If you want to inspect the ALB DNS name directly (e.g. from a bastion or VPN):

kubectl get ingress deepseek-r1-qwen3-8b-neuron -n vllm-neuron \
-o jsonpath='{.status.loadBalancer.ingress[0].hostname}'

To expose the API publicly over HTTPS, deploy the Terraform stack with var.base_domain set to a public Route53 zone you own (see top-level README).

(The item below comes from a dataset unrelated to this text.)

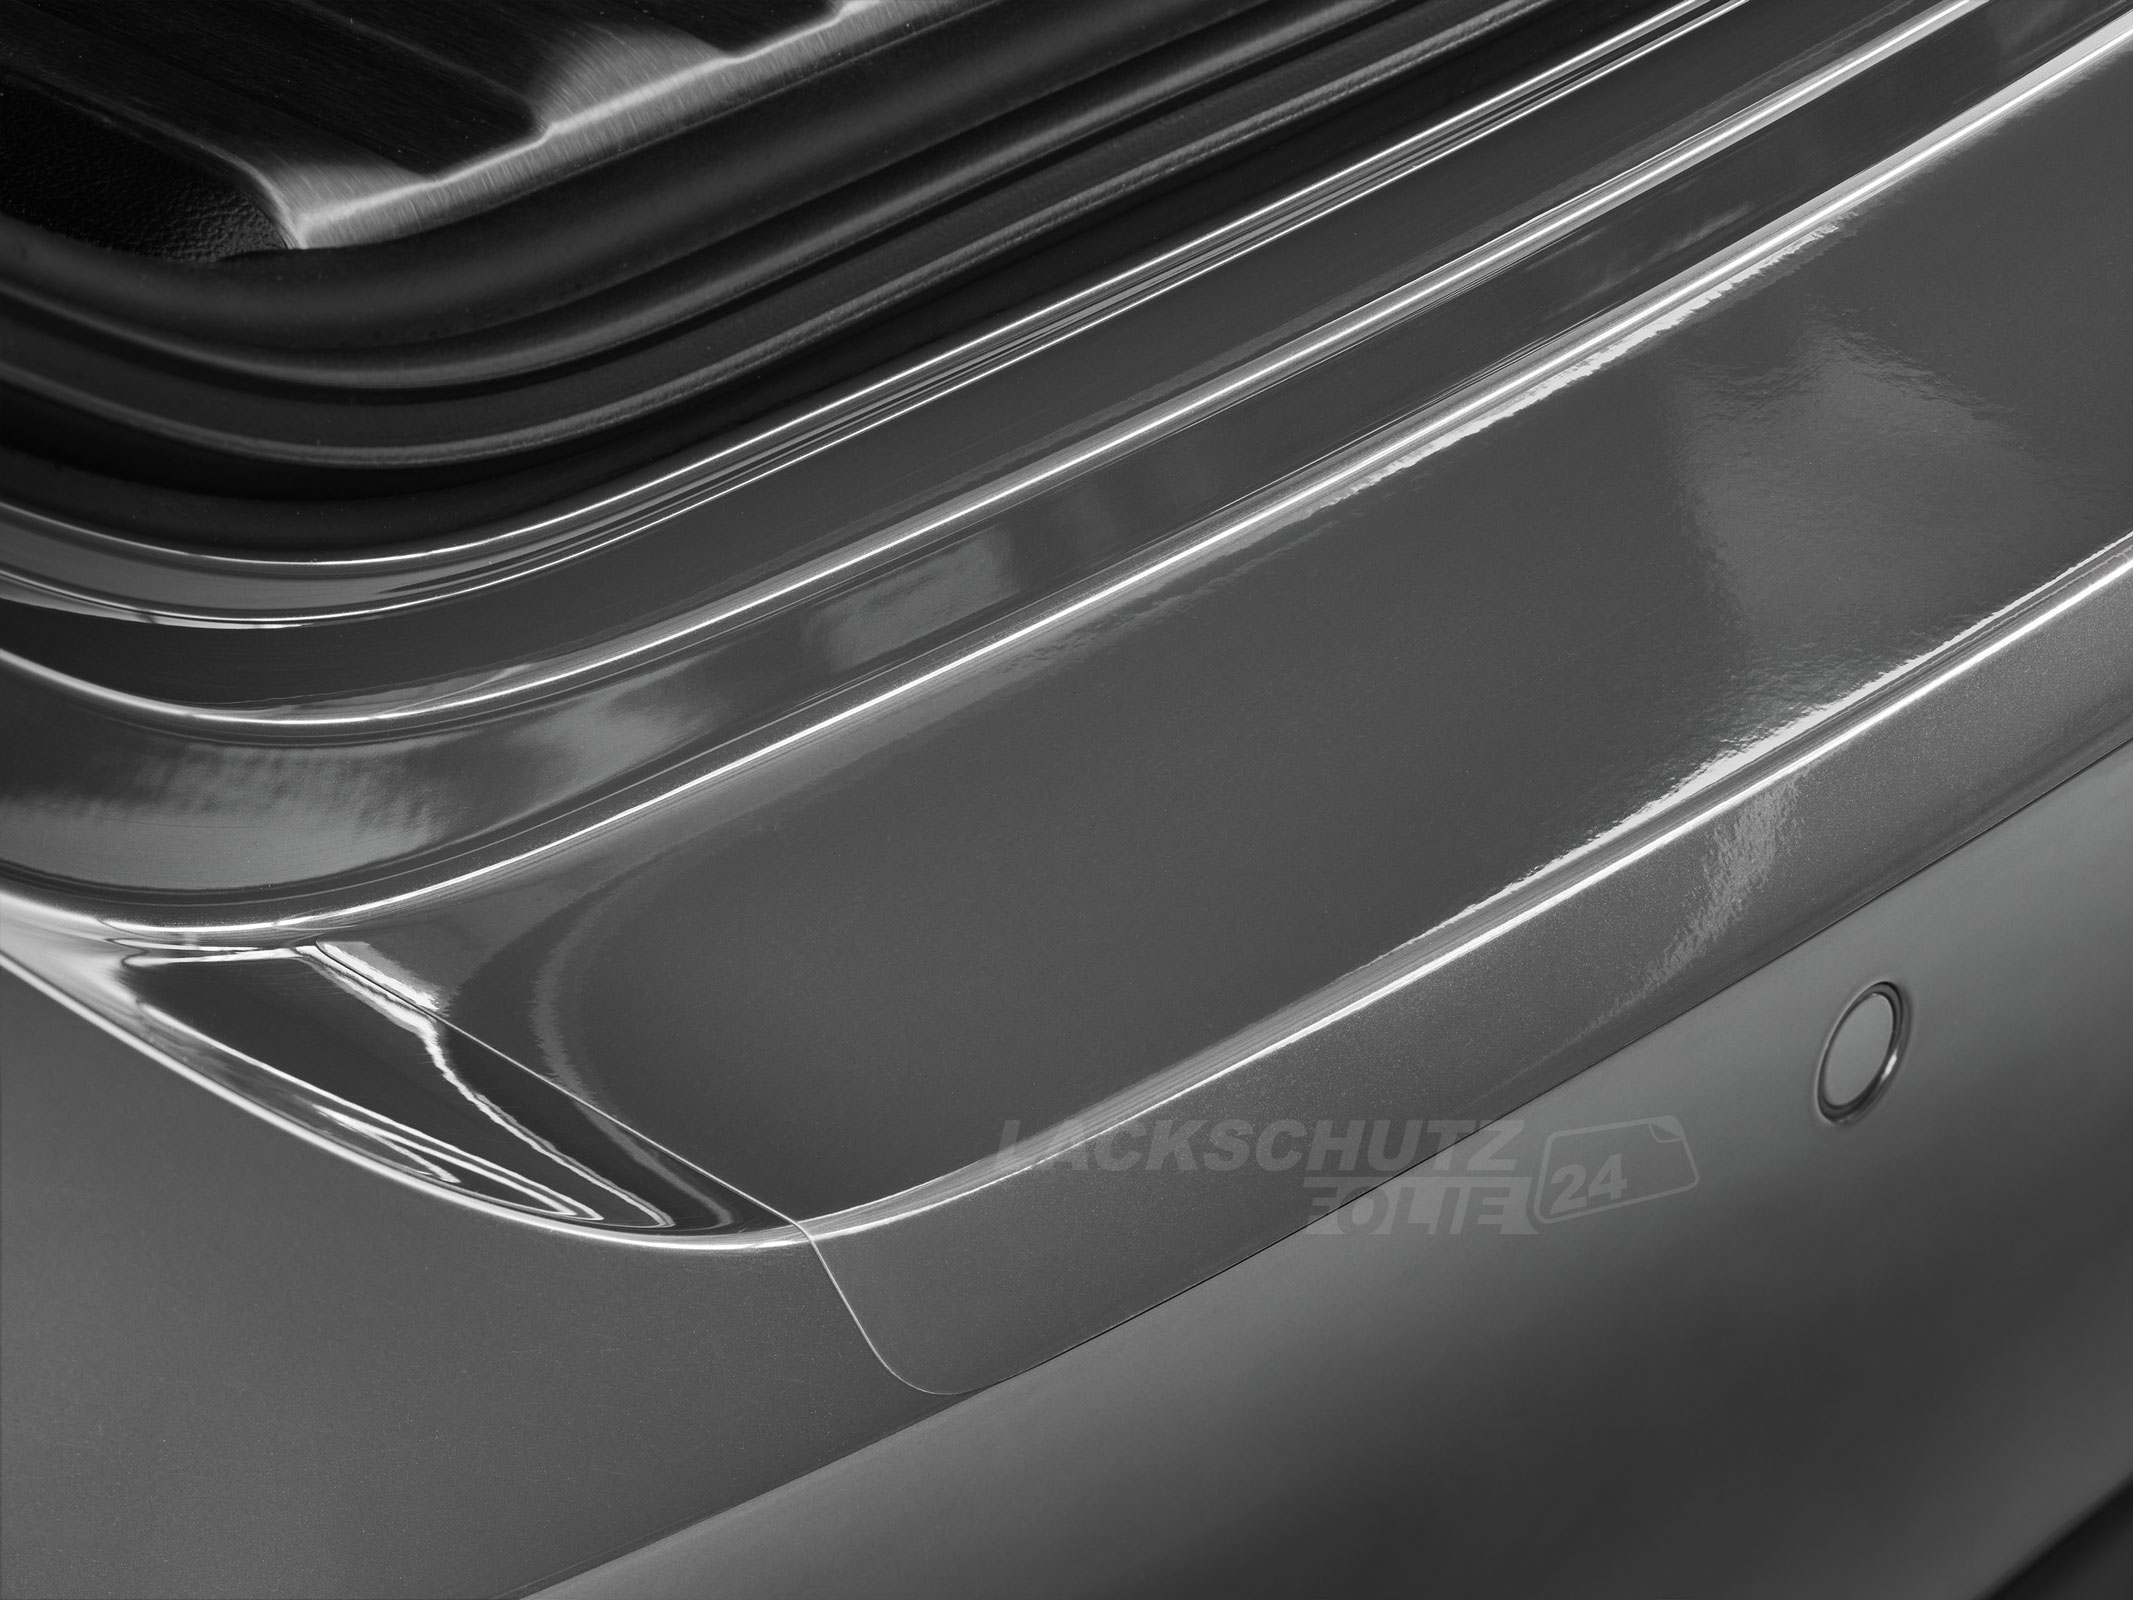 Ladekantenschutzfolie - Transparent Glatt Hochglänzend 240 µm stark für Fiat Idea ab BJ 2004

The example will be reachable at https://neuron.<full_domain> once external-dns publishes the record.

Clean up

kubectl delete -f vllm-deployment.yaml
kubectl delete -f ../../nodepools/neuron-nodepool.yaml

Troubleshooting

🔧 Common issues and their solutions:

🎯 Pod Scheduling Issues

  1. Pod stuck in Pending

    • Check scheduling events:
      kubectl -n vllm-neuron describe pod -l app=deepseek-r1-qwen3-8b-neuron
    • Confirm a Neuron node was provisioned by the NodePool:
      kubectl get nodes -l karpenter.sh/nodepool=neuron
  2. Insufficient Neuron capacity

    • Ensure sufficient inf2 quota in your AWS account
    • Check pod scheduling events:
      kubectl -n vllm-neuron get events --sort-by=.lastTimestamp

🧠 Model Serving Issues

  1. Pod logs

    • Tail vLLM startup and request logs:
      kubectl -n vllm-neuron logs -f deployment/deepseek-r1-qwen3-8b-neuron
  2. Neuron runtime status

    • Inspect Neuron devices on the pod:
      kubectl -n vllm-neuron exec -it deployment/deepseek-r1-qwen3-8b-neuron -- neuron-ls

🔄 Load Balancer Issues

  1. Ingress / ALB Status
    • Check Ingress provisioning:
      kubectl -n vllm-neuron describe ingress deepseek-r1-qwen3-8b-neuron
    • Check ALB controller logs:
      kubectl -n kube-system logs deployment/aws-load-balancer-controller
    • Verify the ALB hostname resolves and target group health is green

💡 Tip: Always check pod logs and events first when troubleshooting deployment issues.